Виталик прочитал и засунул газету в самый малопосещаемый ящик. Шура, Шура, как ты добр! Надо выпить в память о тебе.

И выпил.

Сидя у костра на высоком — левом — берегу Ветлуги с обжигающими кружками черного чая в руках, как-то ночью они расслабленно слушали песню — внизу проплывал плот. Что это было? То ли «Милая моя, солнышко лесное», то ли «Пять ребят о любви поют», и никому из них, нахватанных в поэзии и довольно ехидных, не приходило в голову, что простенькие эти попевки опутывают их своей чувствительностью, замыкают в слезливый и простенький мирок, правда, с окошками — то Окуджава одолжит чем-то настоящим, то «Дон» (видимо, шотландский) с «Магдалиной» освежат, то Новелла Матвеева удивит. Виталик и в солидном возрасте похаживал на «Песни нашего века» — почувствовать единение с залом: «Возьмемся за руки, друзья…» И вослед митяевскому «лето — это маленькая жизнь» выборматывал оправдание другим временам года:

Исчезает с неба летняя просинь, Птицы раскричались — не скучайте, просят, За очками у тебя, гляжу, — осень, Осень — это маленькая жизнь.

Или:

О сю пору повелось — вьюга злится, Чуть проснешься — а уже пора ложиться, Славно хоть, что этому недолго длиться, Зима ведь — очень маленькая жизнь.

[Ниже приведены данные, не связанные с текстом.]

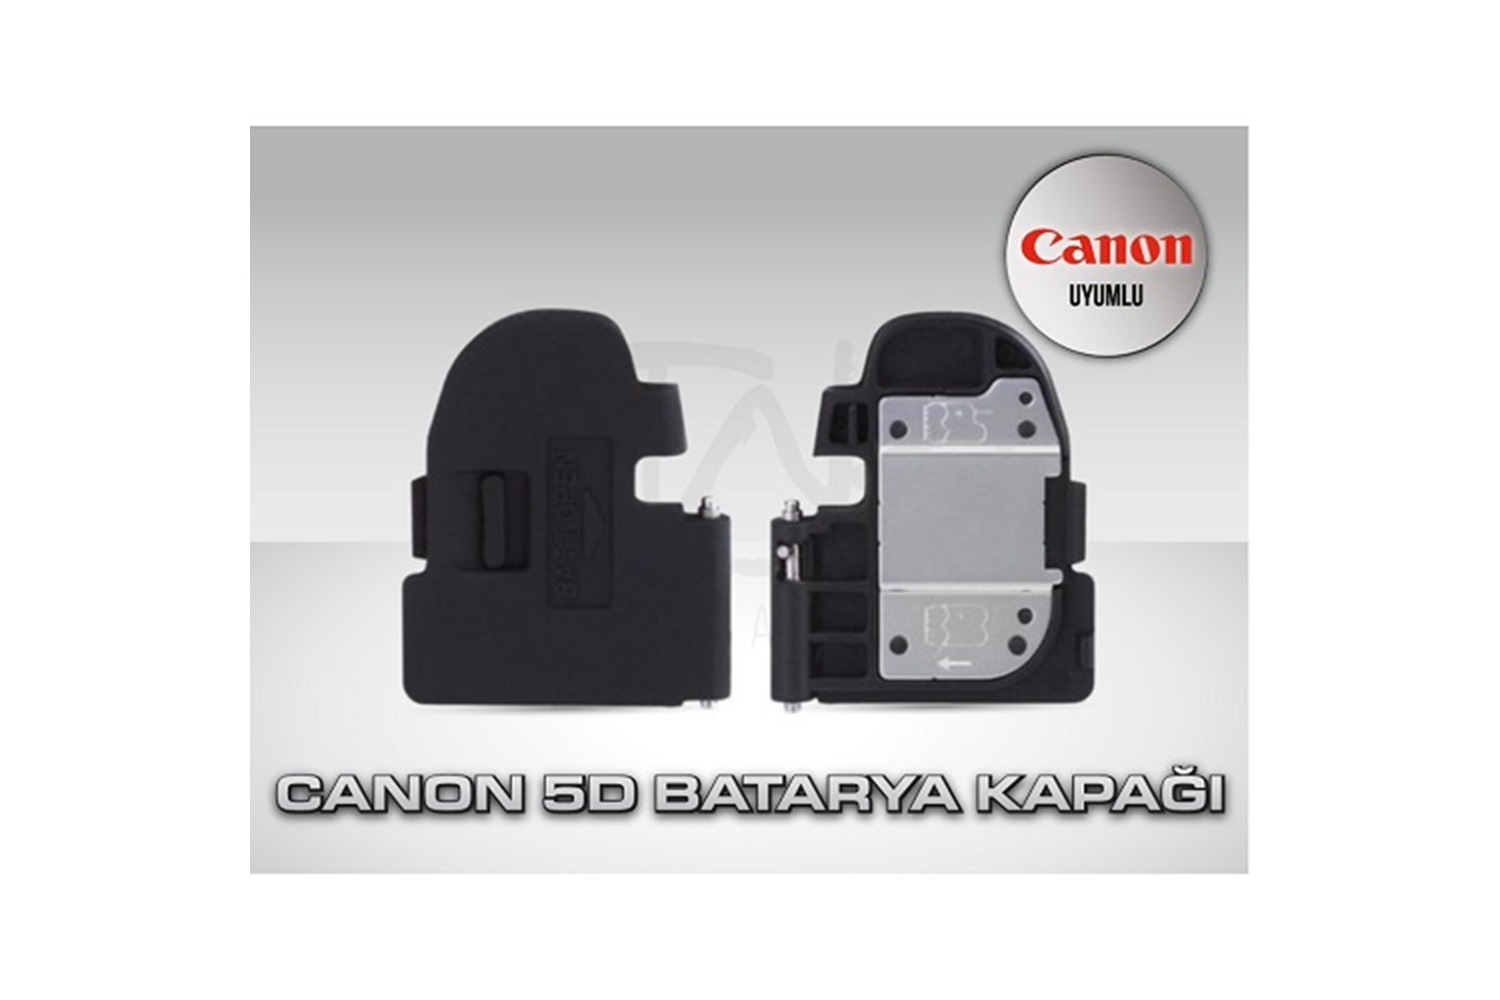 Tewise Canon 5D Uyumlu Batarya Kapak Pil Kapağı

Но чуял Виталик, чуял и тогда передозировку ювенильных соплей в бродяжьих душах, бетховенских сонатах и самых умных книгах, хранимых в рюкзаках, и это жутко мешало мазохистски упиваться страданьями под сладкий чай, комариный писк и вкусную «дукатину».

Так вот, Карпаты, турбаза, палатка. Они ее все-таки поставили. Ночь была прохладная, оделись потеплее, для простора выставили рюкзаки наружу — особенно мешал Виталиков, щегольской чешский с каркасом и ярко-желтыми лямками. Покурили и легли.

Рассвет подымался, угрюмый и серый… Кто это? Светлов? Уткин? Не важно — все было не так. Рассвет разгорался хрустален и ясен, на землю счастливую пала роса, и мир ото сна пробуждался прекрасен, готовый явить нам свои чудеса. Взглянуть на чудеса первым выполз из палатки Виталик. И правда, красиво. Зеленые склоны, ущелье, водопадик и проч. — все в наличии. Не хватало только рюкзаков. Со всей амуницией, провизией, фотоаппаратом и деньгами — они исчезли, растаяли, покинули их.

— М-да, — сказал Алик, разбуженный Виталиком, и был, вероятно, прав.

— Ептыть, — сказал Володя, разбуженный Аликом, и был, видимо, не далек от истины.

Полвеком позже все разнообразие охвативших их чувств нашло бы отражение в емком слове «блин», но в те далекие времена этого междометия еще не существовало.

— А в этом что-то есть, — сказал Виталик.

— В том, что у нас ничего нет? — спросил Алик.

— Диалектики херовы, — встрял Володя в дискуссию с неожиданной энергией. — Давай милицию вызывать.

И Виталик побрел в административный корпус базы.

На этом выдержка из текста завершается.